I'm running an up to date olimex debian bullseye

LubOlimex

But what does it say at start of boot over the serial? It is important that the revision is properly listed as revision L. Often people would delete the contents of the EEPROM (thus disabling automatic board recognition by the Olimage) and then also fail to manually configure the board via the u-boot-tools and then the board would load some generic revision A preset that might have settings incompatible with the actual board revision used. Like RAM timings, different LAN controller and so.
Technical support and documentation manager at Olimex

aleix

Hello. Here we have about 30 A20's, all version L (5 of them without emmc), but the other 25 have emmc and they are the industrial version.

All of them have been tested with the OS on uSD cards, all class 10 or higher.

With the image provided, all updated, freezes are really common. Typically within 3 weeks (sometimes a few days), the board freezes without any trace in logs or kernel messages.

With Alpine Linux installed, as provided by this phenomenal script by user unicorn, boards either never freeze or they do only very occasionally.

Factors that we have seen as freeze-frequency increasing are: unstable voltage, very long wires (antenna effect). But eventually, with Olimage installed, they always freeze in less than a month.

Lately, things have improved by following these approaches with Olimage (many are commented in this thread already):

```
# cpufreq-set -r -g performance
# echo 960000 > /sys/devices/system/cpu/cpu0/cpufreq/scaling_max_freq
# echo 960000 > /sys/devices/system/cpu/cpu0/cpufreq/scaling_min_freq
```

The command `cpufreq-set` does not produces permanent changes, though. Also, the 960000 could be also replaced with 816000 (as recommended here), but for now we haven't needed that.

Another approach that seems to improve instability is installing the OS to the internal emmc, with the `olinuxino-sd-to-emmc`. Good statistics with these attempts are difficult, so drawing false conclusions is easy. However, it would seem that this reduces the freezing. But we have already got some freezings even with all these settings (though 816000 not tried yet).

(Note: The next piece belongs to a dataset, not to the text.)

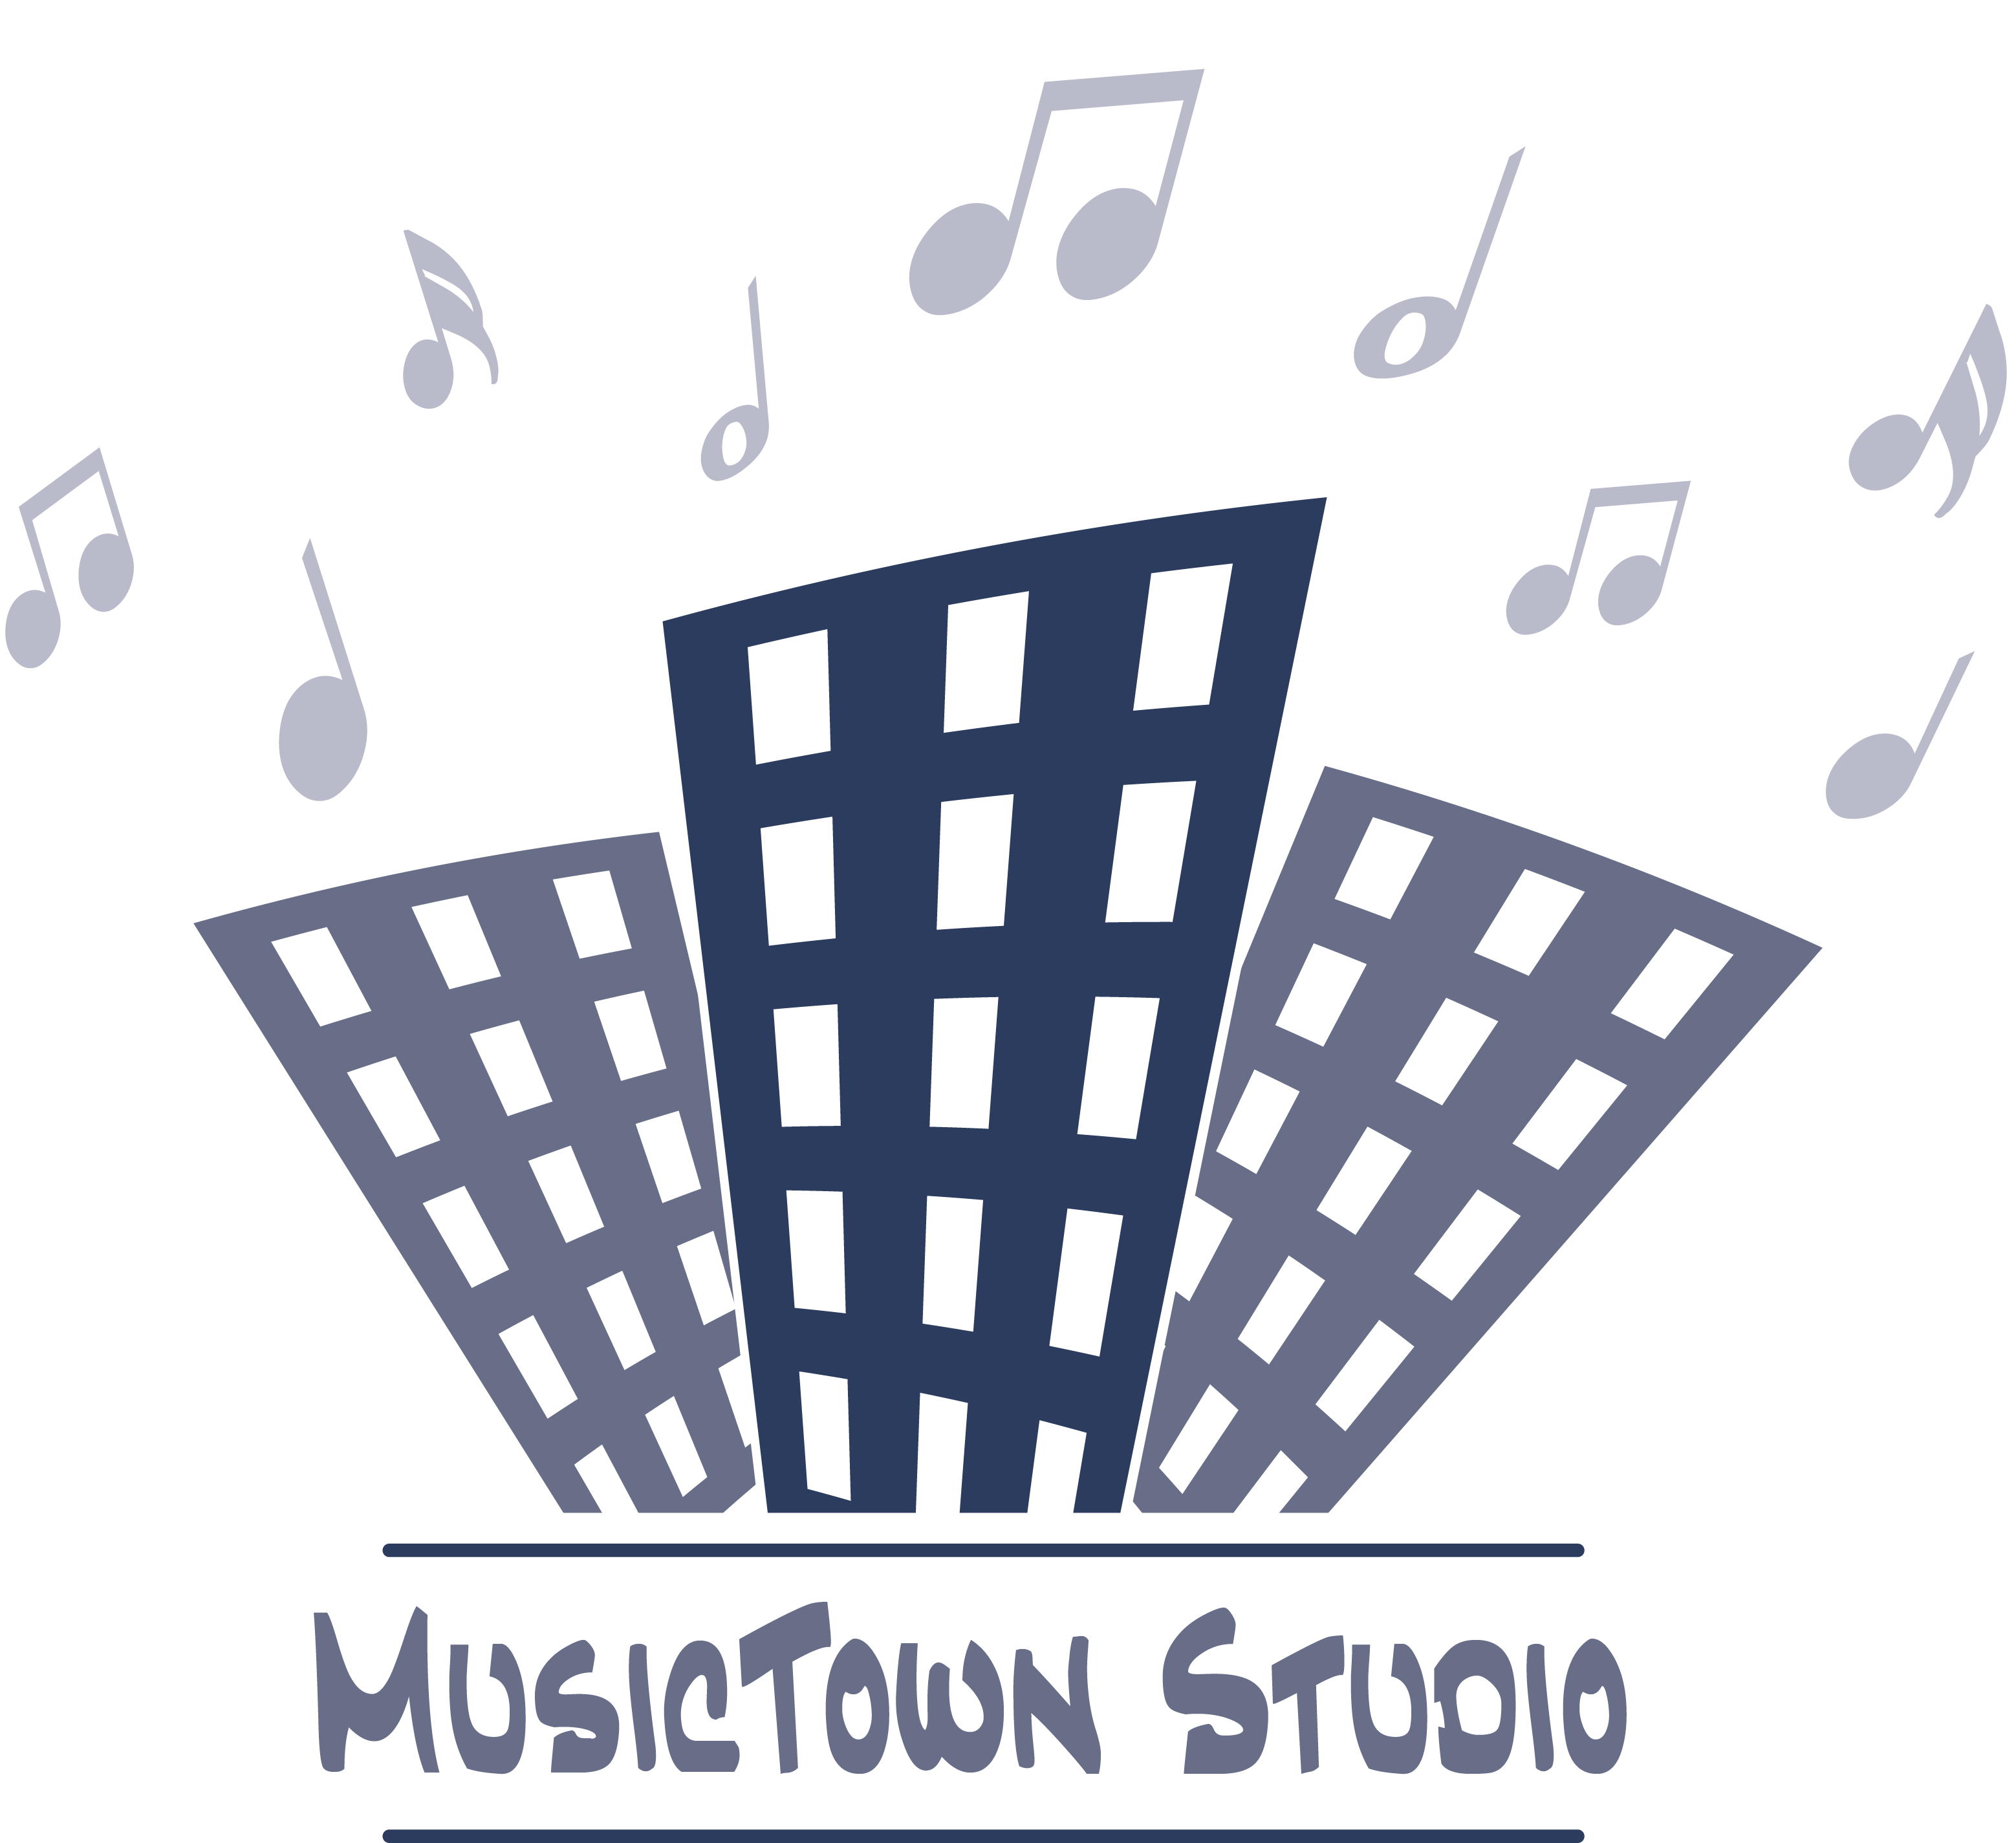 Musictown Studio

We are now experimenting with this approach: to create a swap space:

```
# fallocate -l 150M /swapfile
# chmod 600 /swapfile
# mkswap /swapfile
# swapon /swapfile
```

To make it permanent:

```
# echo '/swapfile none swap sw 0 0' >> /etc/fstab
```

For now (though soon to say), no freezes with this swap space have been caught (after a week). Interesting fact: though usually swap remains at 0, we have already caught some events where swap space has around 1 MB used. After that, we perform

```
# swapoff -a && swapon -a
```

to liberate swap space again. Perhaps this is a naïve approach. But could it be that RAM, which is usually at

```
$ free -mh
               total        used        free      shared  buff/cache   available
Mem:           998Mi        46Mi       829Mi        10Mi       122Mi       917Mi
```

sometimes spikes (don't know why), so that it makes the board freeze?

Do you think this approach could lead to something?